■ **Problem to solve**
With the pictures omitted, transcribe each line below exactly as it is.

■ **Collected material**
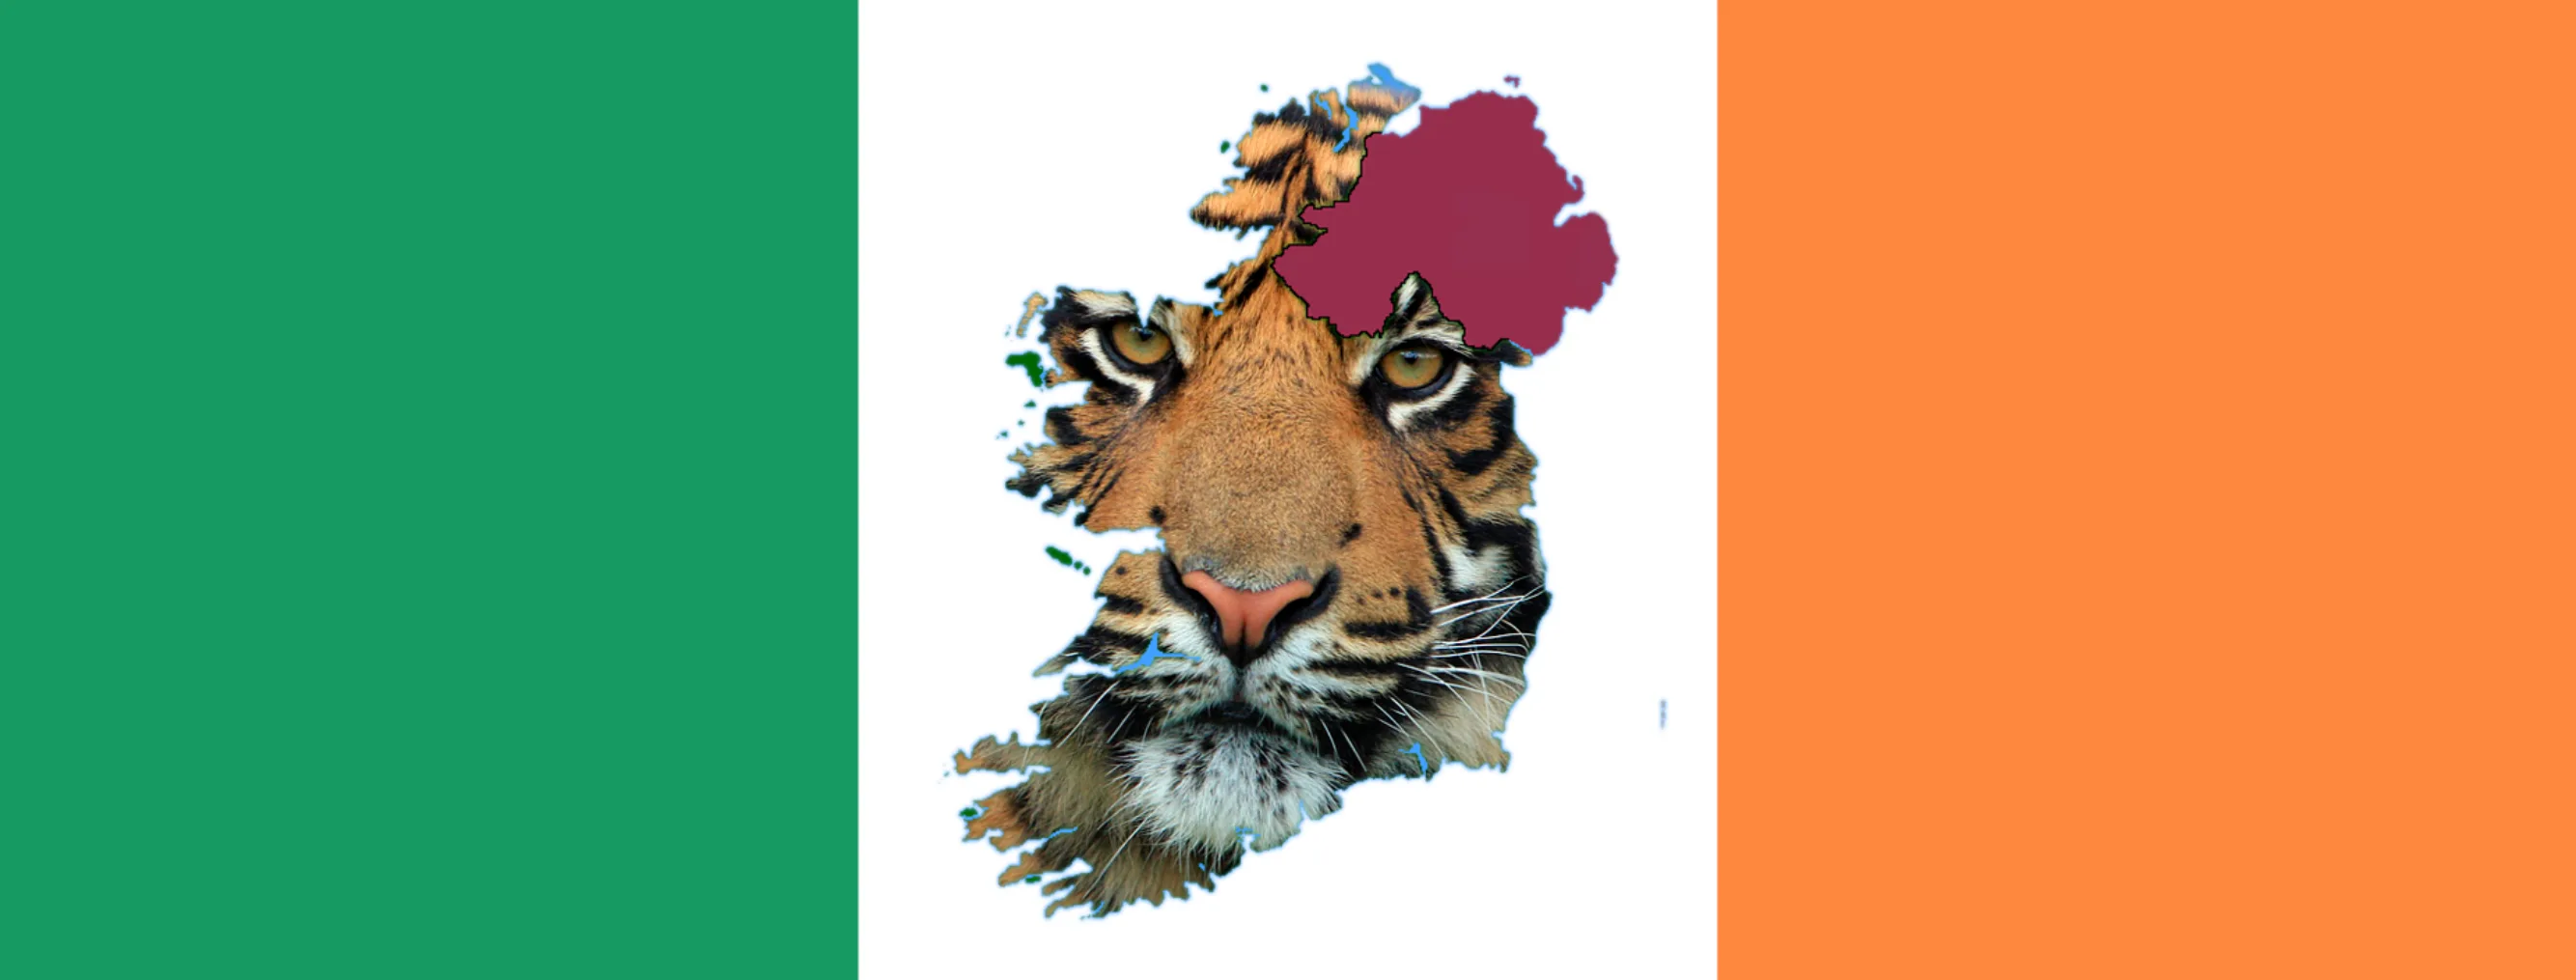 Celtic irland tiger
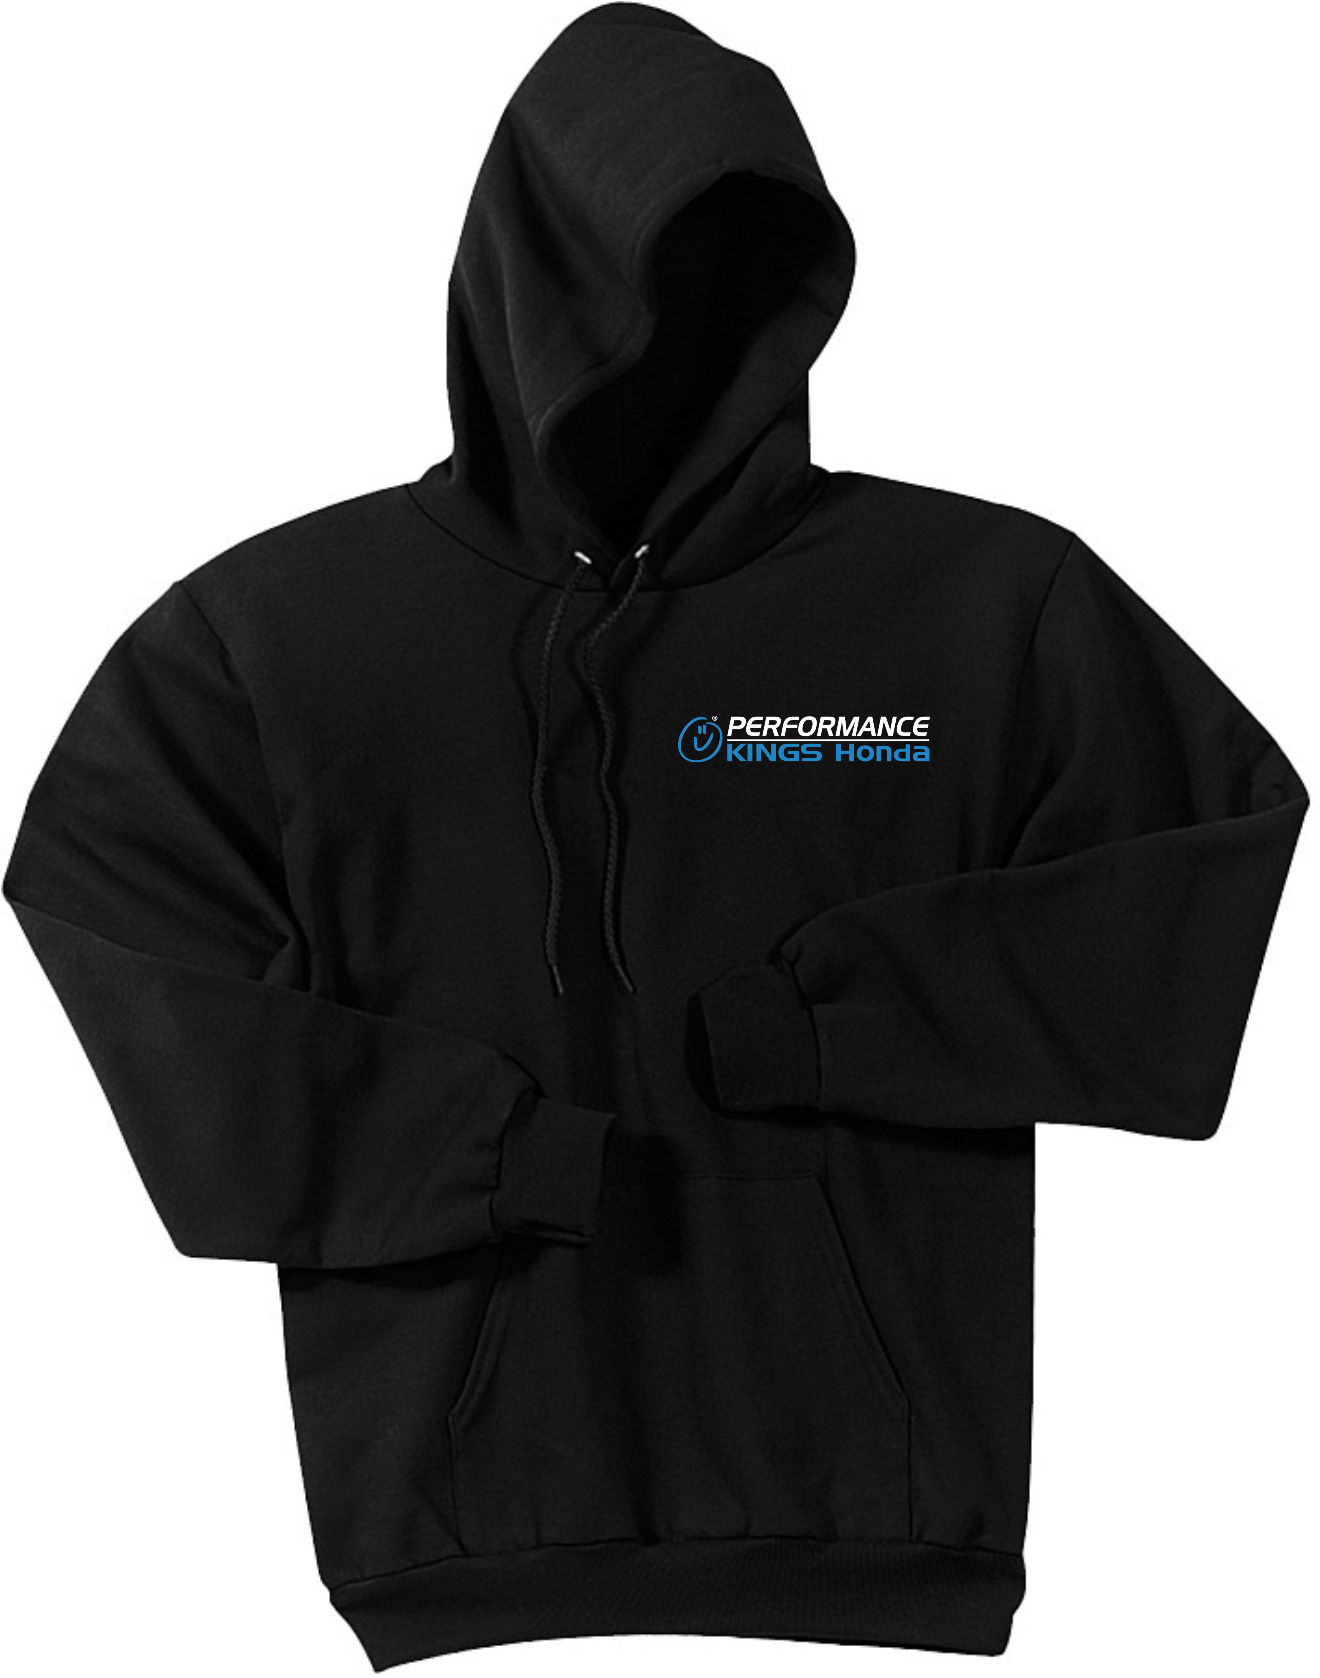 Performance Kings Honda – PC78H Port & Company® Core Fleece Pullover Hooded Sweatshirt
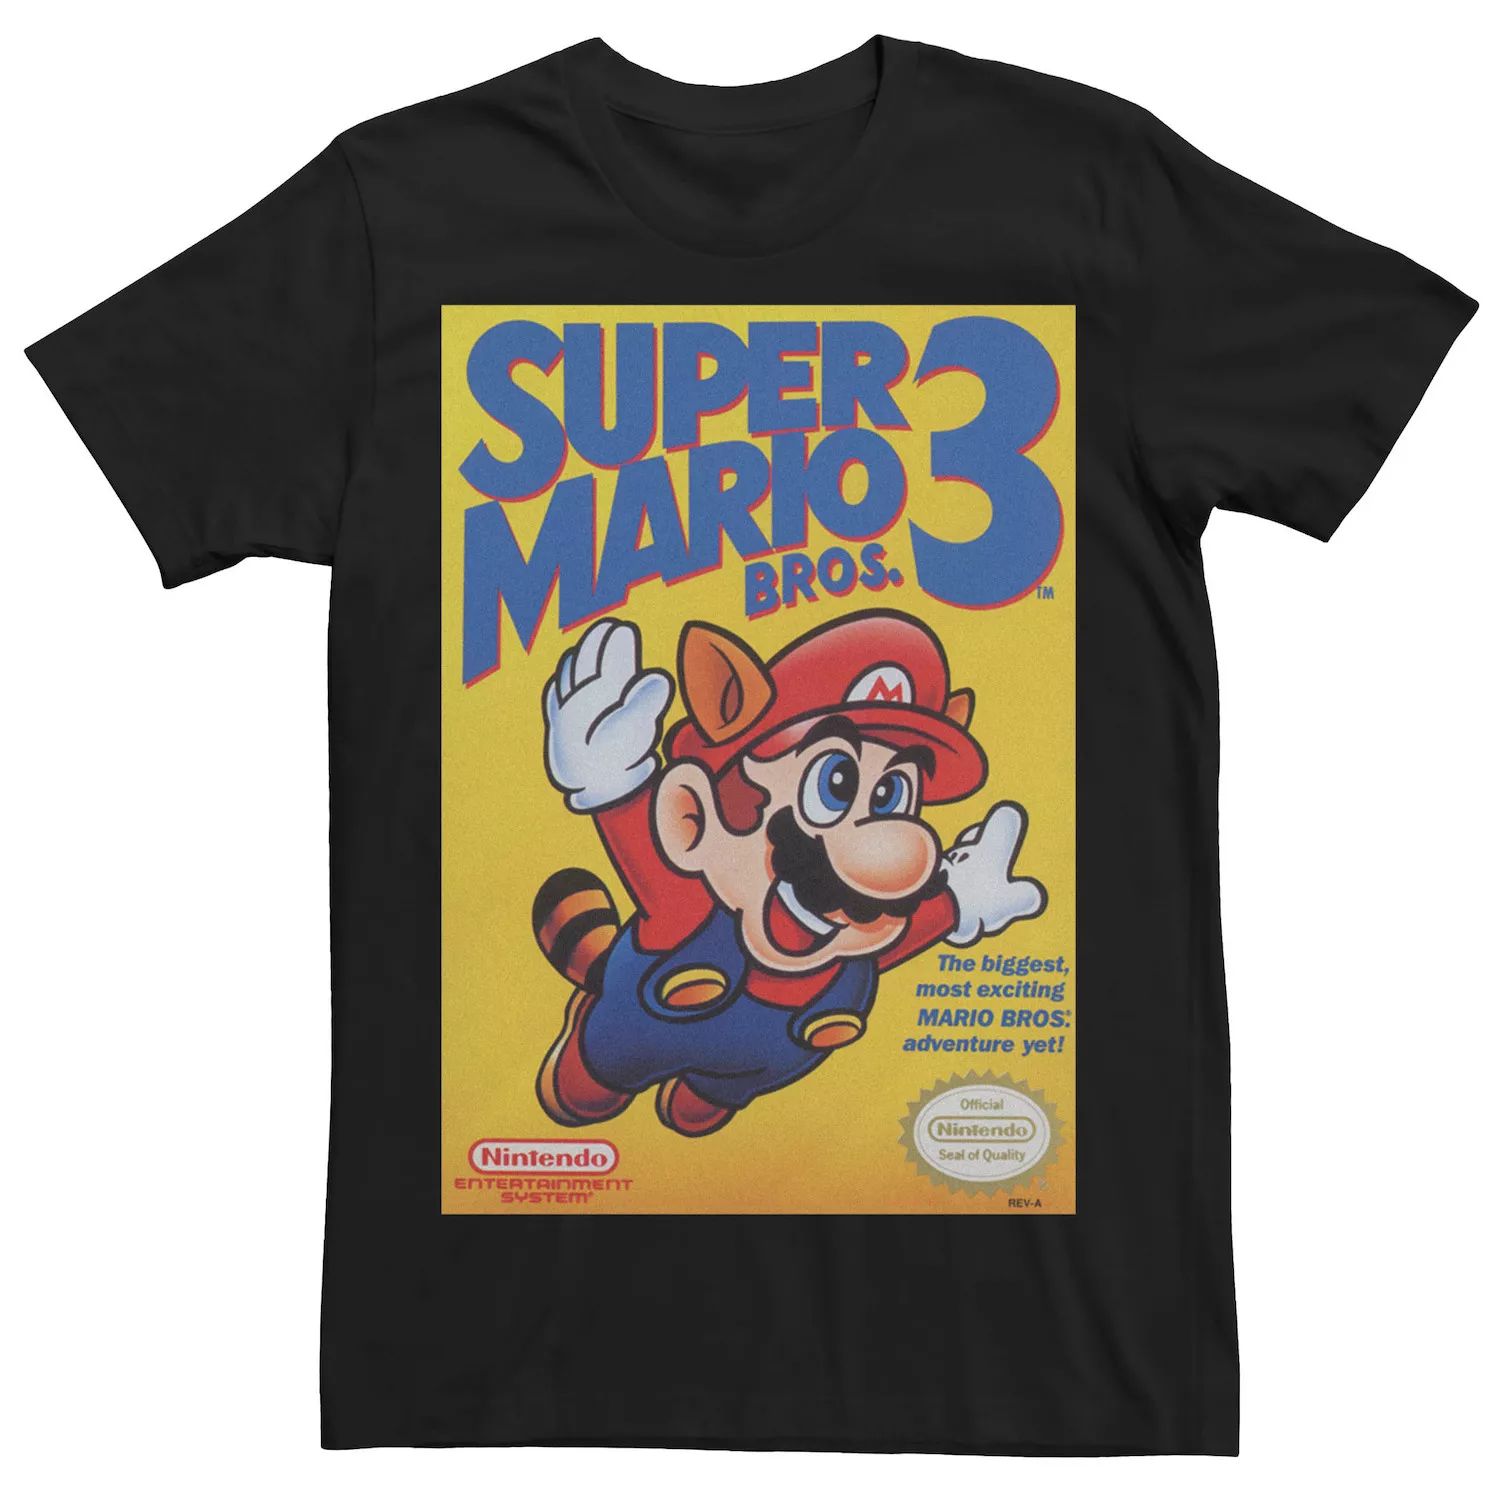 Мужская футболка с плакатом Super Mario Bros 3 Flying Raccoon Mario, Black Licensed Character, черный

■ **Result**
 Celtic irland tiger
 Performance Kings Honda – PC78H Port & Company® Core Fleece Pullover Hooded Sweatshirt
 Мужская футболка с плакатом Super Mario Bros 3 Flying Raccoon Mario, Black Licensed Character, черный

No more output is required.